Recorded data:
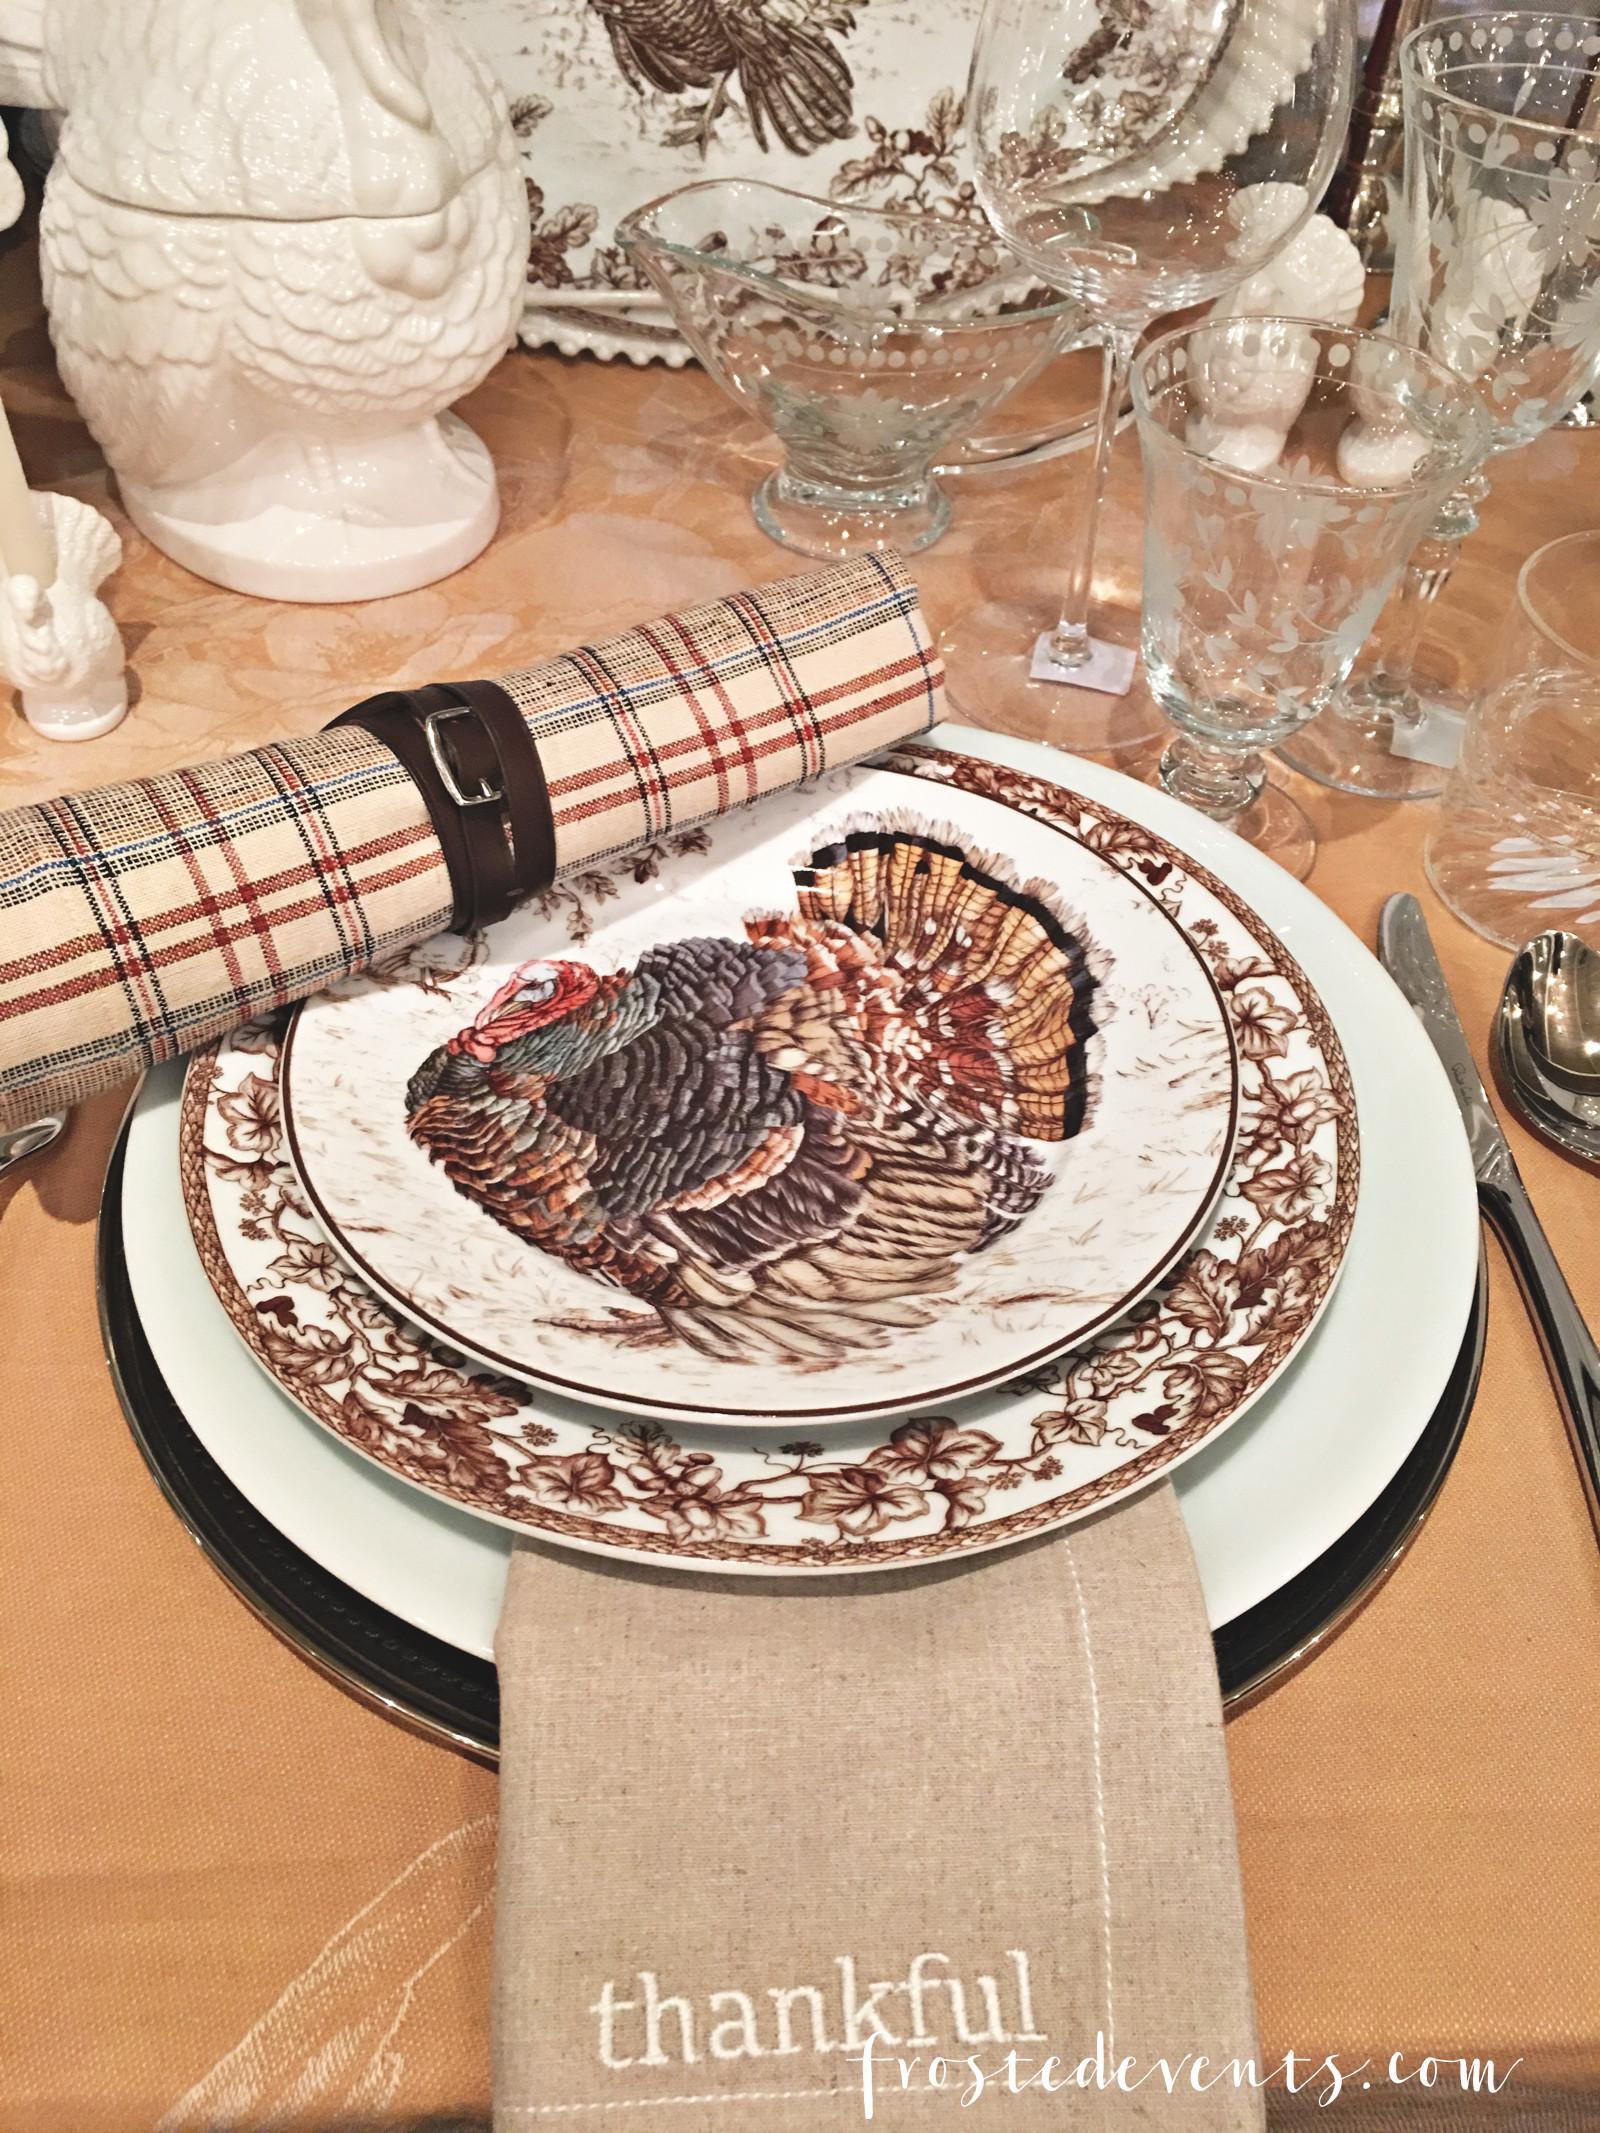 Publix Thanksgiving Dinner 2018  thanksgiving dinner whole foods order williams sonoma
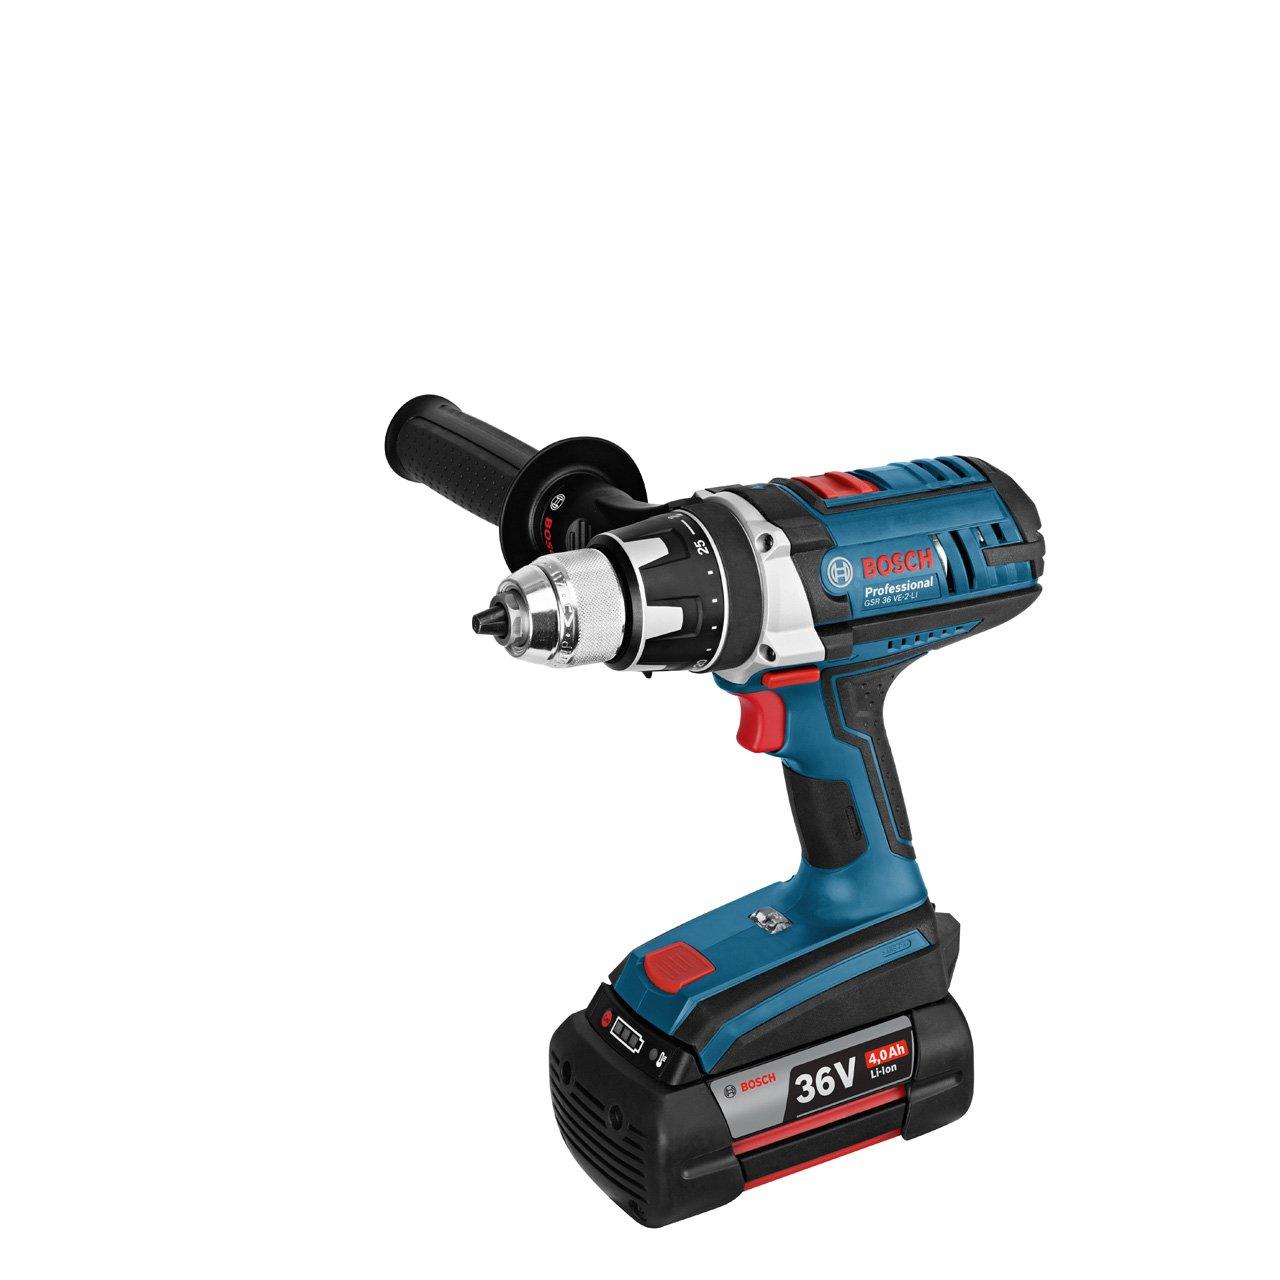 Bosch Professional GSR 36 VE-2-LI
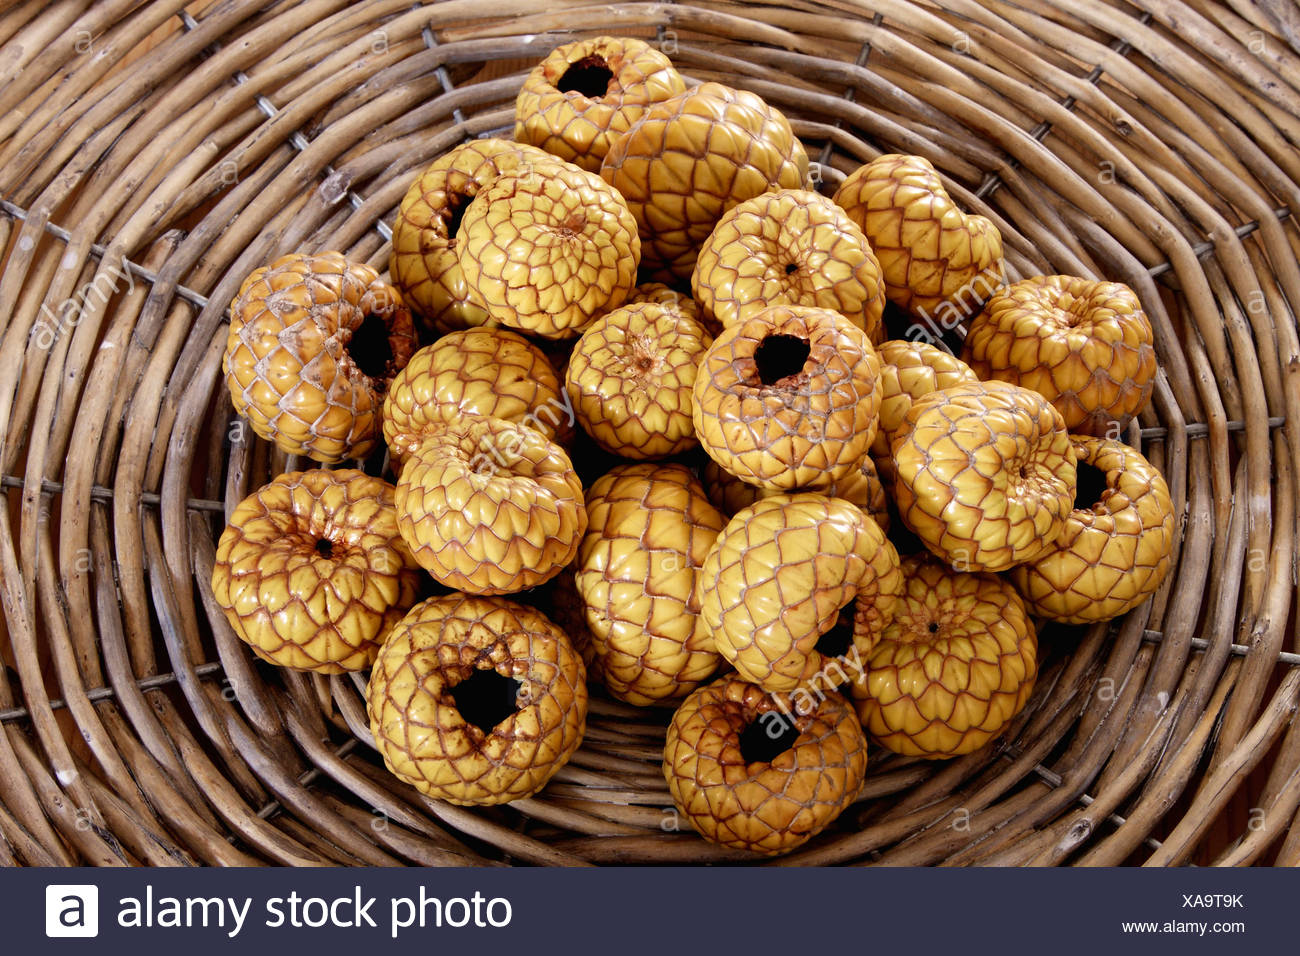 Rumbia, dried Salak fruit (Salacca zalacca) in a woven basket - Stock Image
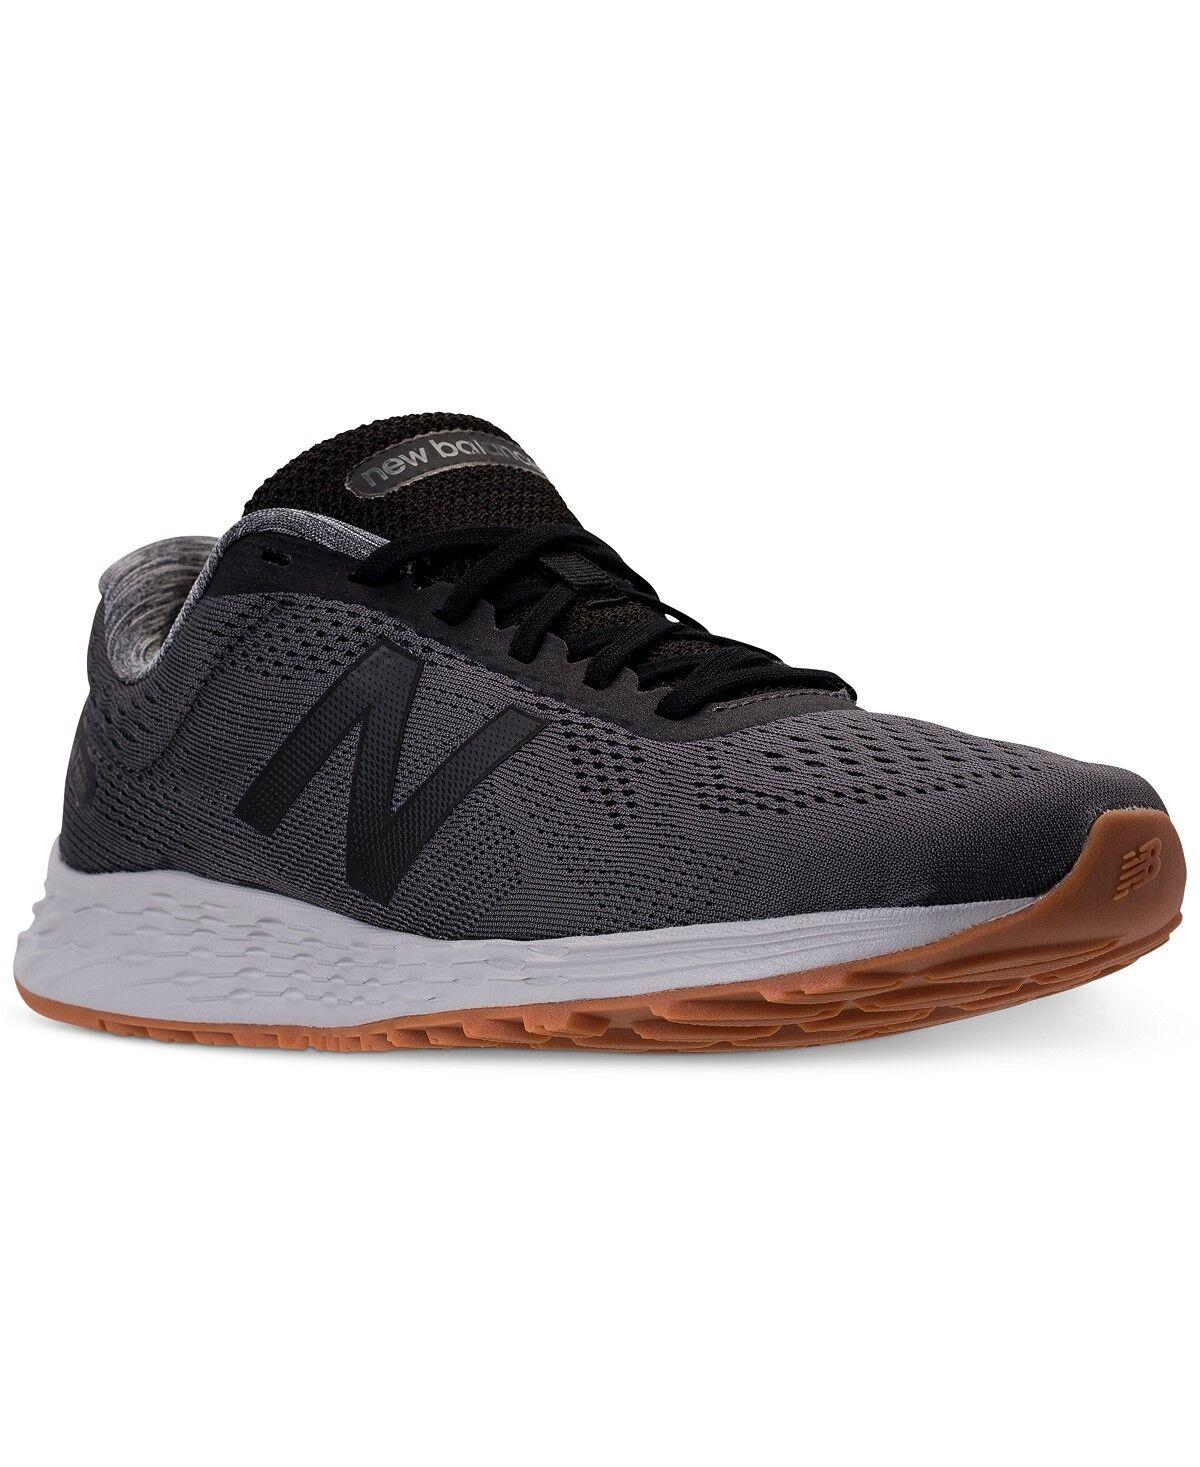 NIB New Balance hommes Foam Fresh Foam hommes Arishi Chaussures Med&4E WIDE Dark gris MARISLB1 4634f0

What you will do: I would like the material repeated in full and exactly, with its images omitted.

Exercise output:
 Publix Thanksgiving Dinner 2018  thanksgiving dinner whole foods order williams sonoma
 Bosch Professional GSR 36 VE-2-LI
 Rumbia, dried Salak fruit (Salacca zalacca) in a woven basket - Stock Image
 NIB New Balance hommes Foam Fresh Foam hommes Arishi Chaussures Med&4E WIDE Dark gris MARISLB1 4634f0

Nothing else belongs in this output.